● **What is needed**
The lines to transcribe begin with the one containing "Leslie's 14K White" and end with the last line below; reproduce them exactly, without the pictures.

(Information shown begins)

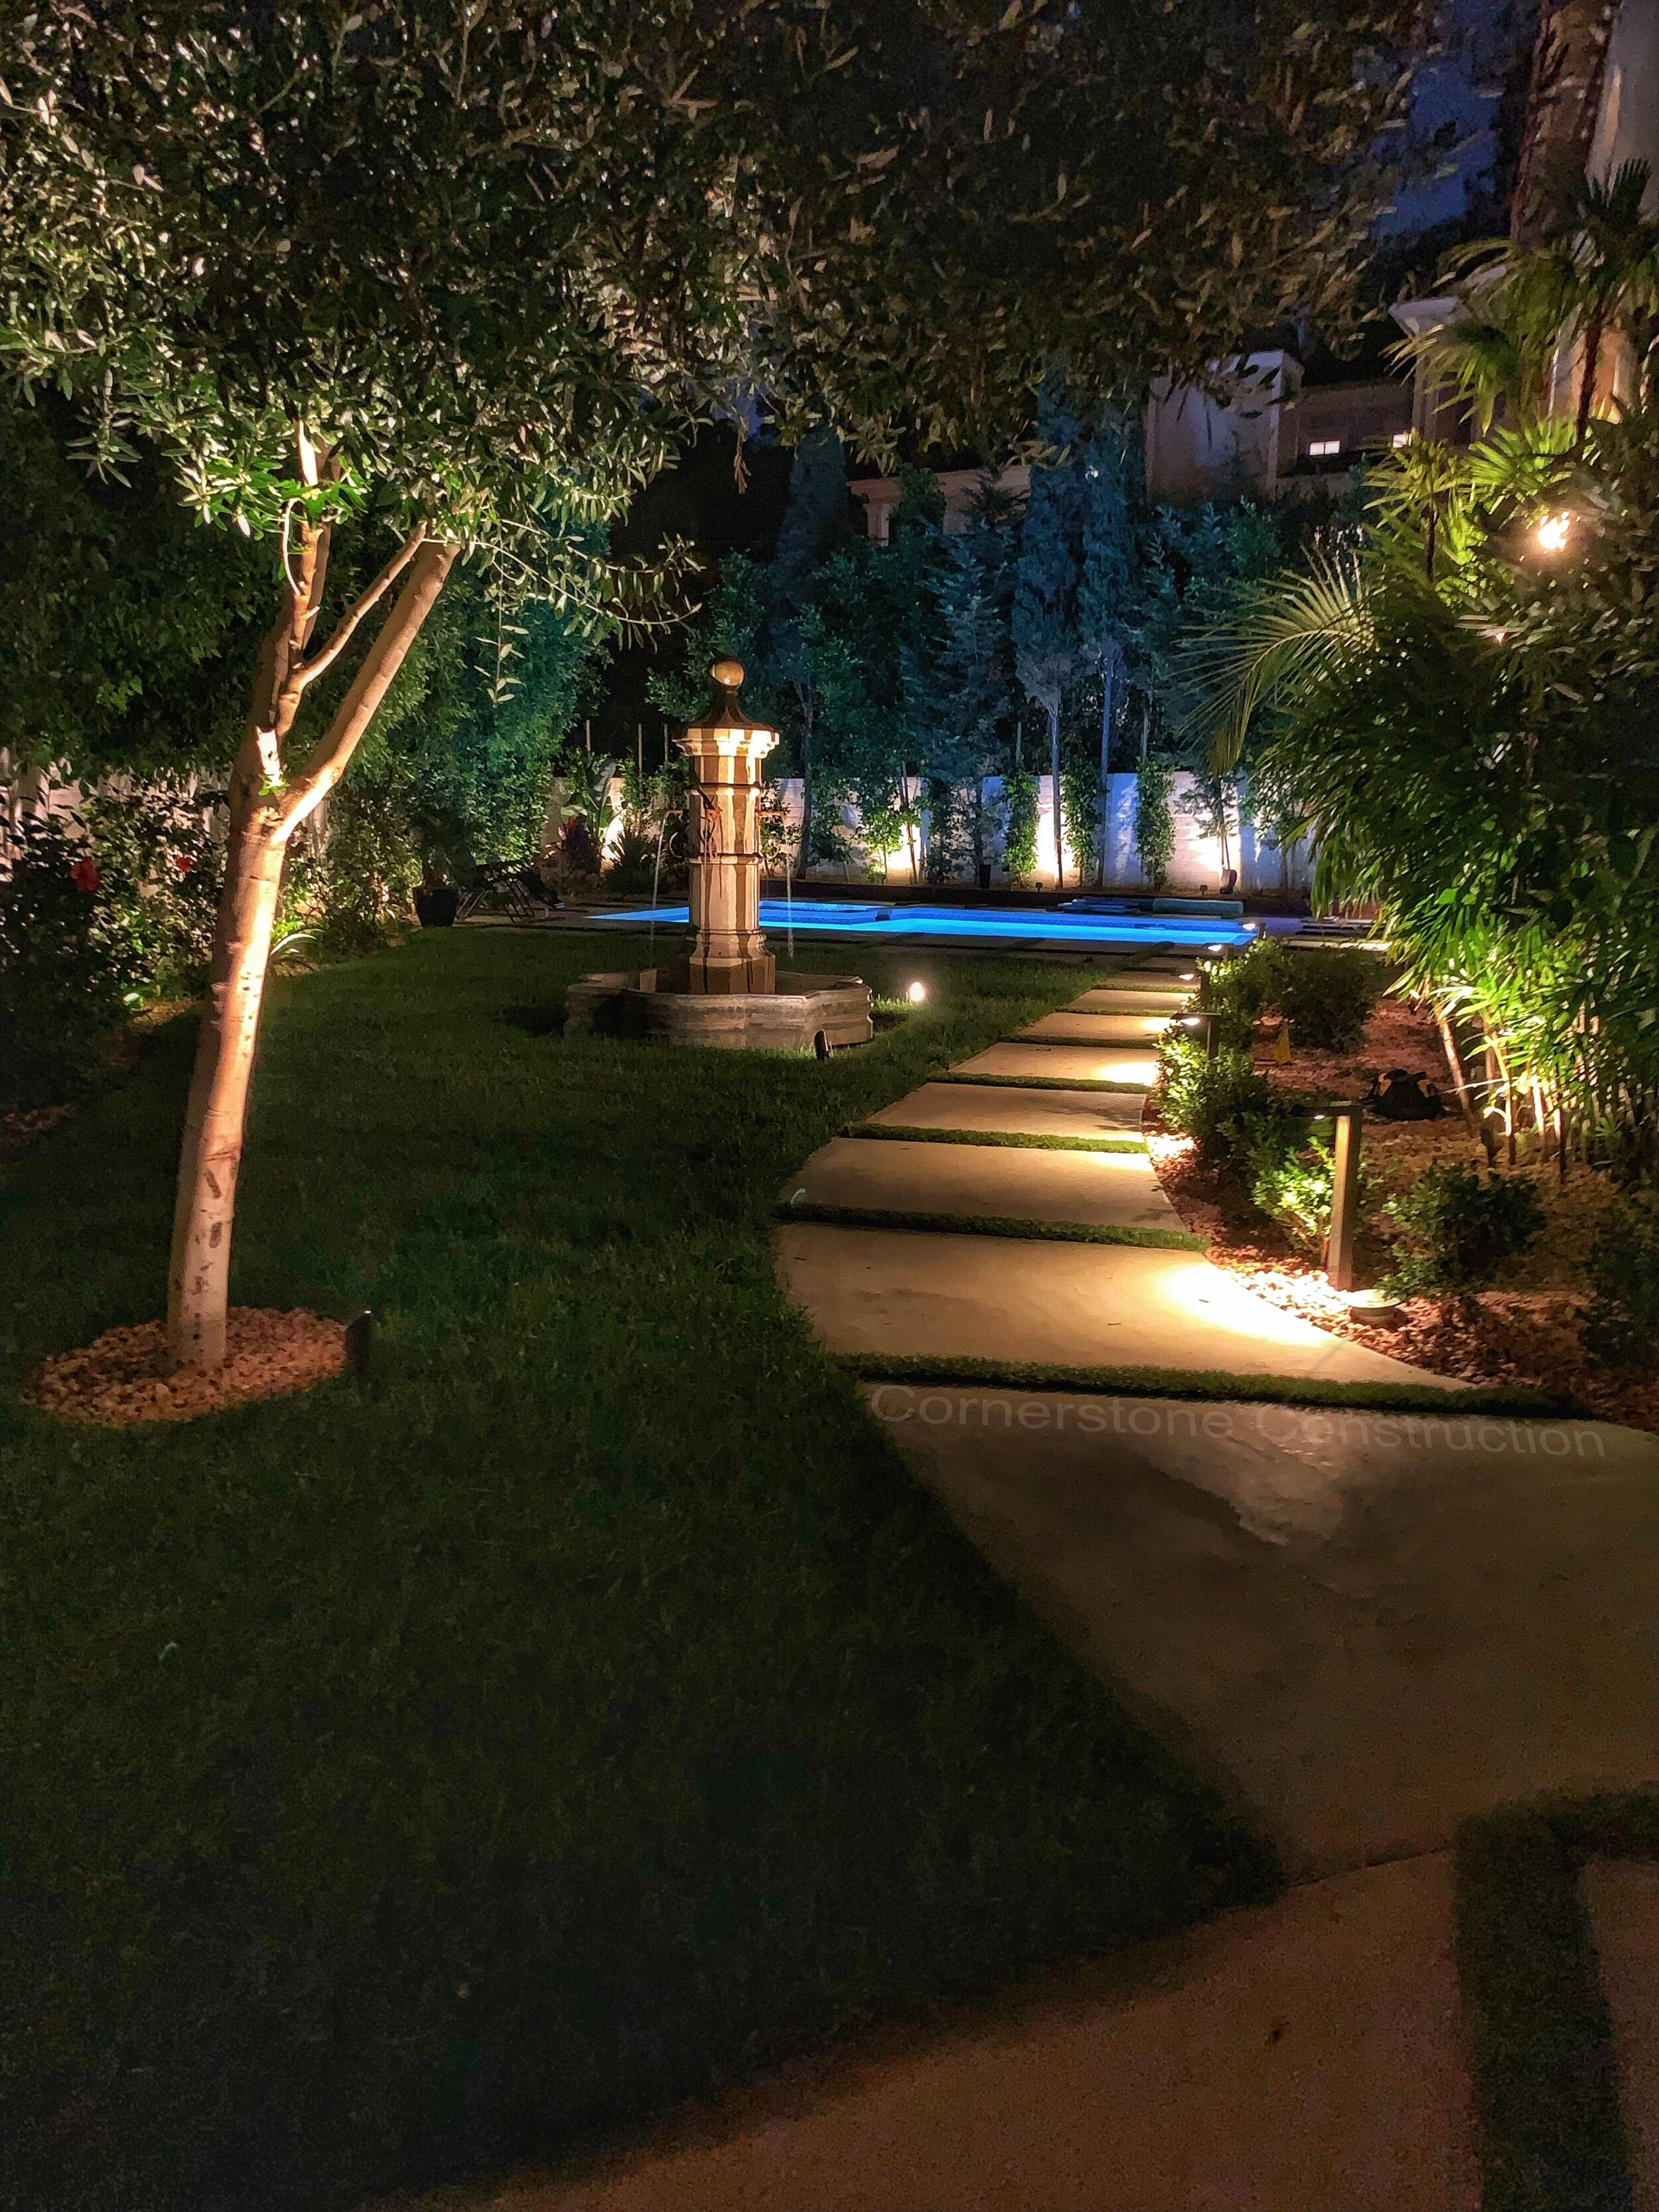 pavers and grass walkway in backyard
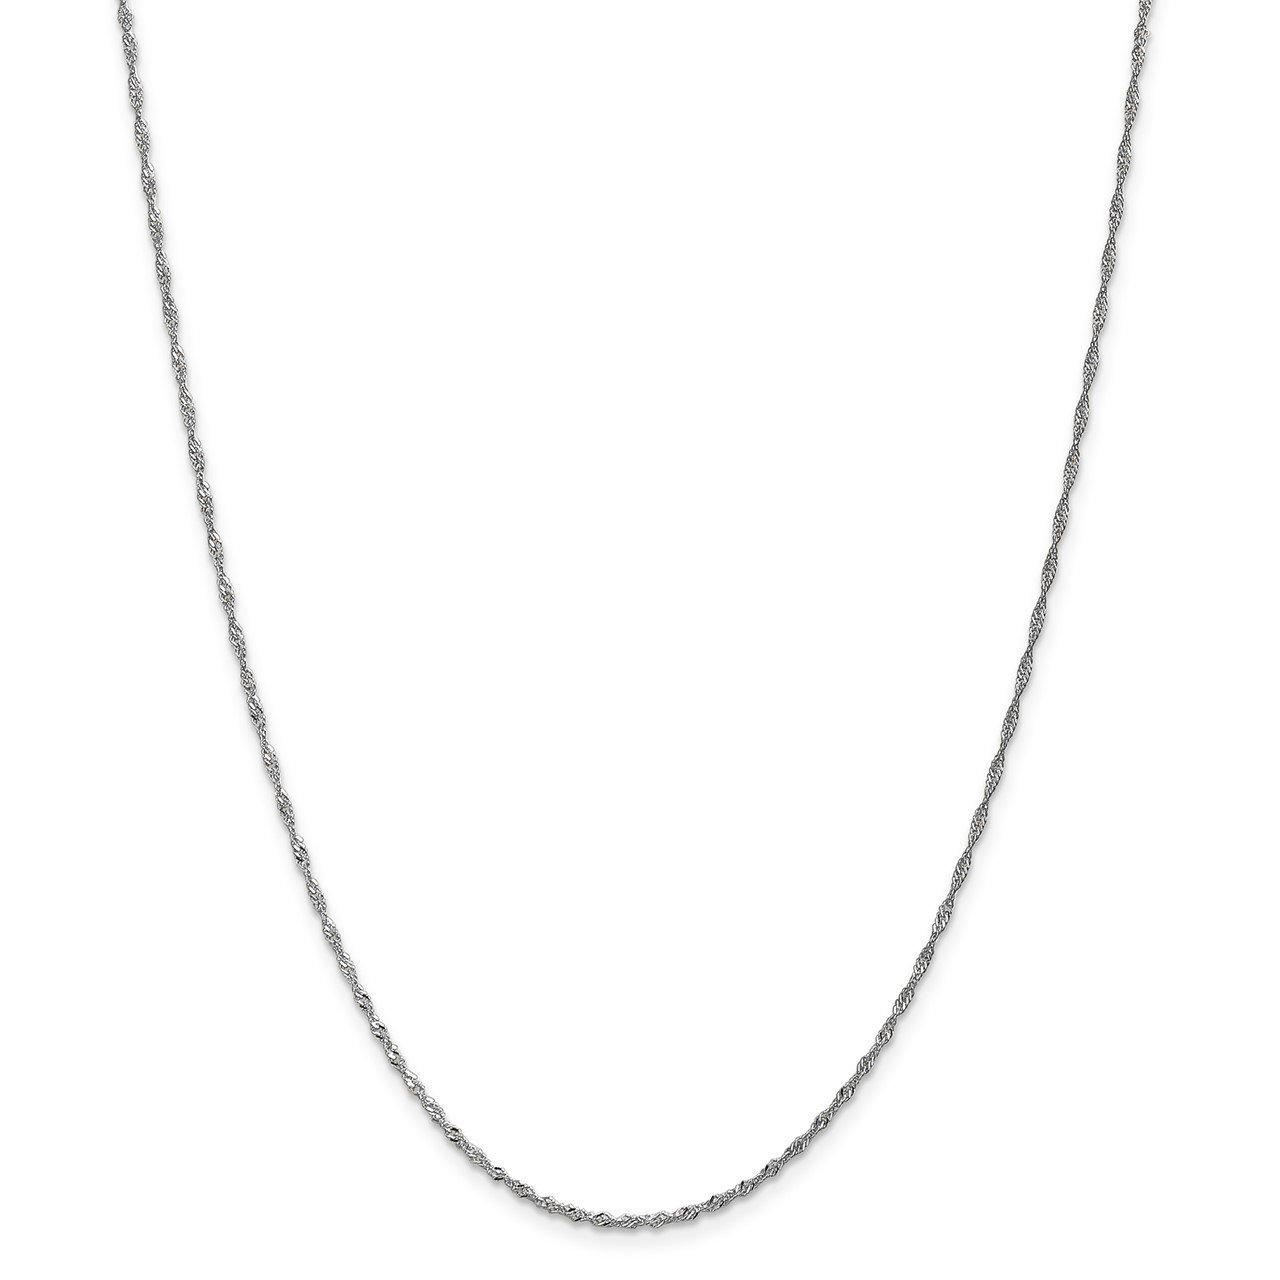 Leslie's 14K White Gold 1.3mm Singapore Chain
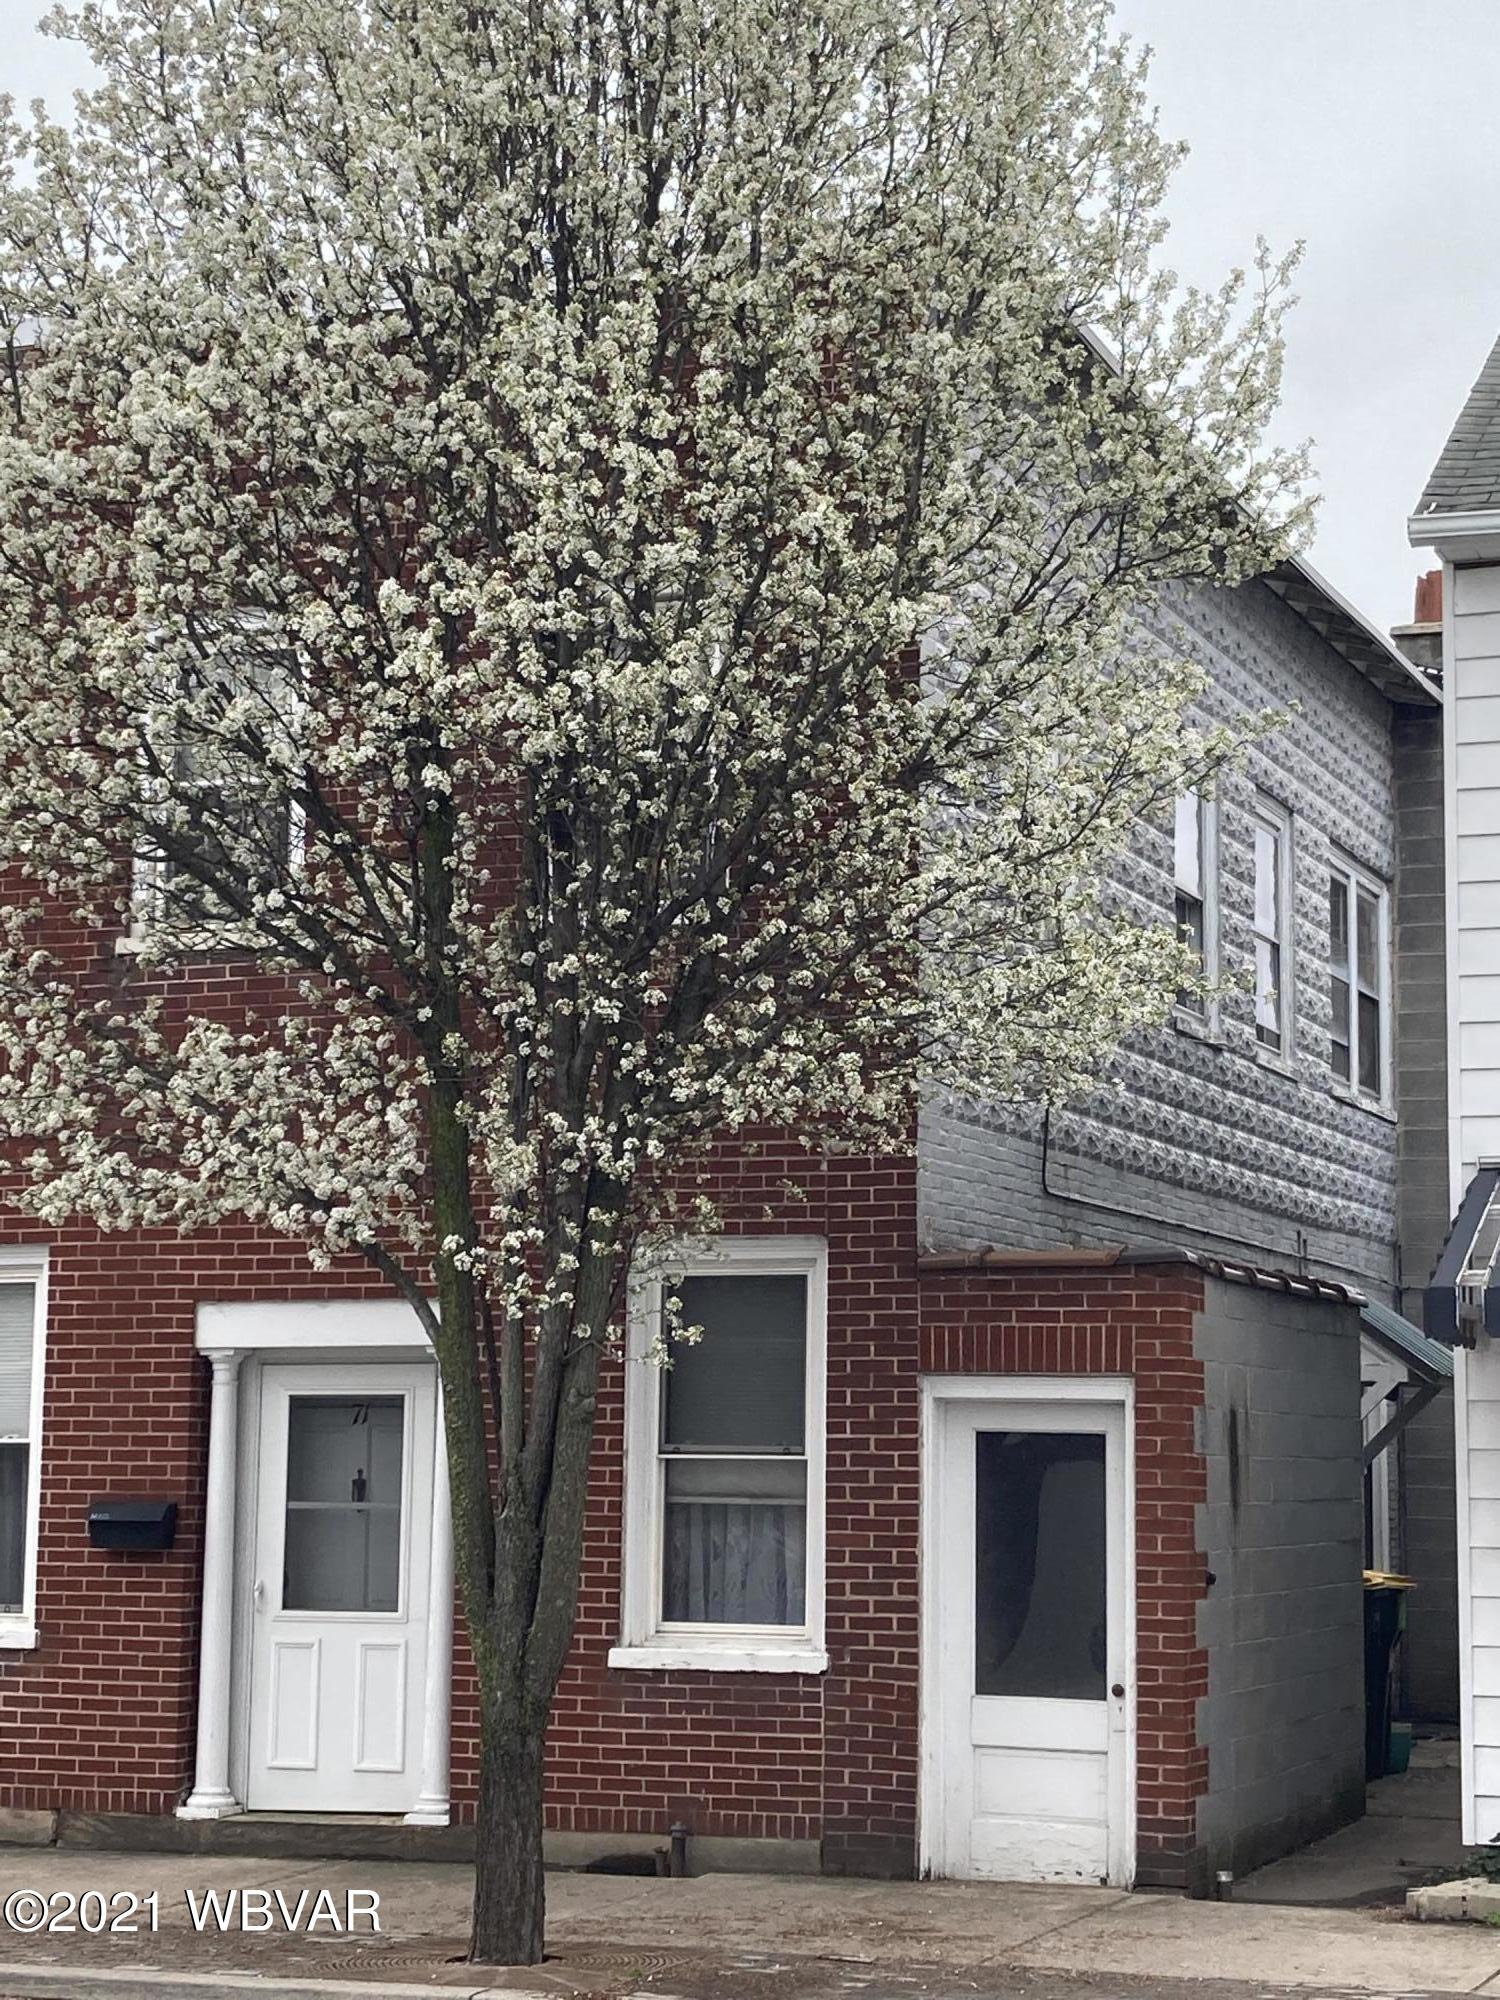 65-71 MAIN STREET, Hughesville, PA 17737, ,Multi-units,For sale,MAIN,WB-92286

(Information shown ends)

● **Completed task**
 Leslie's 14K White Gold 1.3mm Singapore Chain
 65-71 MAIN STREET, Hughesville, PA 17737, ,Multi-units,For sale,MAIN,WB-92286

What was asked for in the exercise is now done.